News

Access to family planning critical for the Philippines

10 May 2018
23-year-old Hannah Gumaro voluntarily underwent implant insertion from a UNFPA programme that provides women access to an expanded number of contraceptive choices. © UNFPA Philippines/Mario Villamor

ISABELA, Philippines – Gathering in a light green painted basketball court, surrounded by coconut and banana trees, 24-year-old Joan Calamayan and 50 other young women wanted to learn about family planning and the services available in the Philippine village of Kalabaza.

“Today we are going to talk about how to plan the timing and size of your families,” said reproductive health facilitator Benjamin Lucas. He is part of a UNFPA-supported project, launched in August 2017, to provide women access to an expanded number of contraceptive choices.  

Around him, the young women and their families, many of whom had walked from far-flung villages, listened intently as he discussed different types of contraceptives.

“I have three children. An 8-year-old, a 5-year-old and a one-year-old,” said Ms. Calamayan.  “I do not want to get pregnant anymore.”

She is not alone. In the Philippines, 49 per cent of unmarried, sexually active women, and 17 per cent of married women have an unmet need for family planning, according to the 2017 National Demographic and Health Survey.

Reproductive health facilitator Benjamin Lucas discusses different types of contraceptives to women in the Philippines where 49 per cent of unmarried, sexually active women, have an unmet need for family planning. © UNFPA Philippines/Mario Villamor

 

In June 2015, the Philippine Supreme Court issued a temporary restraining order that prevented the Department of Health from procuring, distributing and administering contraceptive implants. While the restraining order was lifted in November 2017, the popularity of contraceptive implants, particularly among women from poor communities, has kept demand high.

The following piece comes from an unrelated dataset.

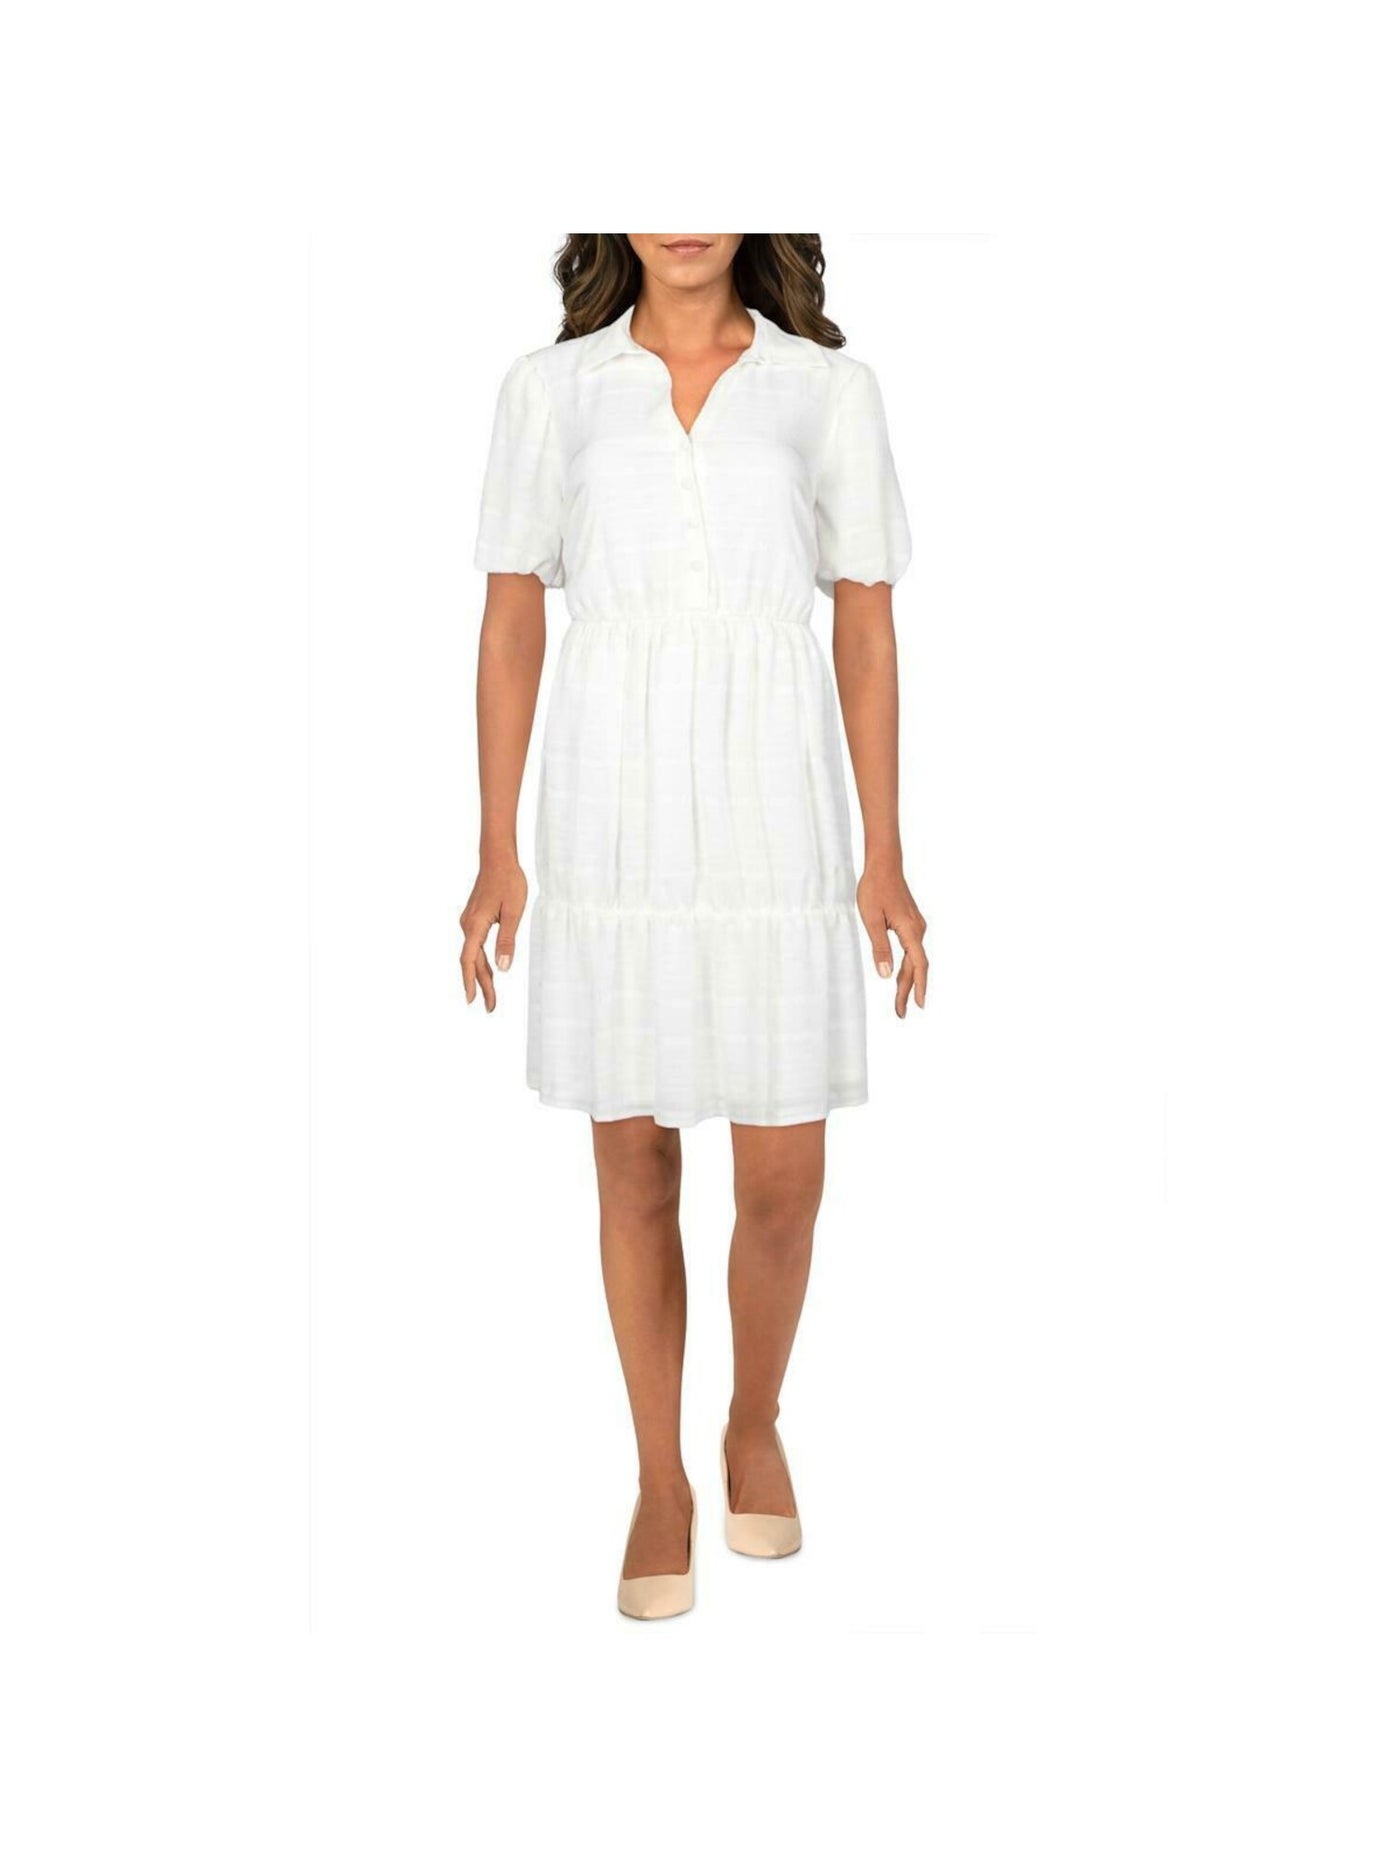 KENSIE DRESSES Womens White Stretch Textured Ruffled Sheer Lined Button Front Short Sleeve Collared Above The Knee Evening Sheath Dress 10

“We are working to ensure that every woman has the right to choose a family planning method that would suit her need so that no one is left behind,” said UNFPA Philippines Country Representative Klaus Beck.  

Nobody left behind

In partnership with the Philippine Society for Responsible Parenthood (PSRP) and with support from Family Planning 2020 (FP2020), the programme aims to provide 40,000 women with access to contraceptive implants in 14 areas including far-flung communities with indigenous people.  

“I am very happy this family planning activity is happening in our community of Ugad,” said village captain Estelita Guiuo. The 63-year-old is from the Ibanag indigenous people who reside in the northern Philippine provinces of Isabela, Cagayan and Nueva Vizcaya.

She smiles as she surveys the other Ibanag women looking to access contraceptive implants. “While some women want to get pregnant others might not.  This is why it is very important that women have that choice,” she told UNFPA.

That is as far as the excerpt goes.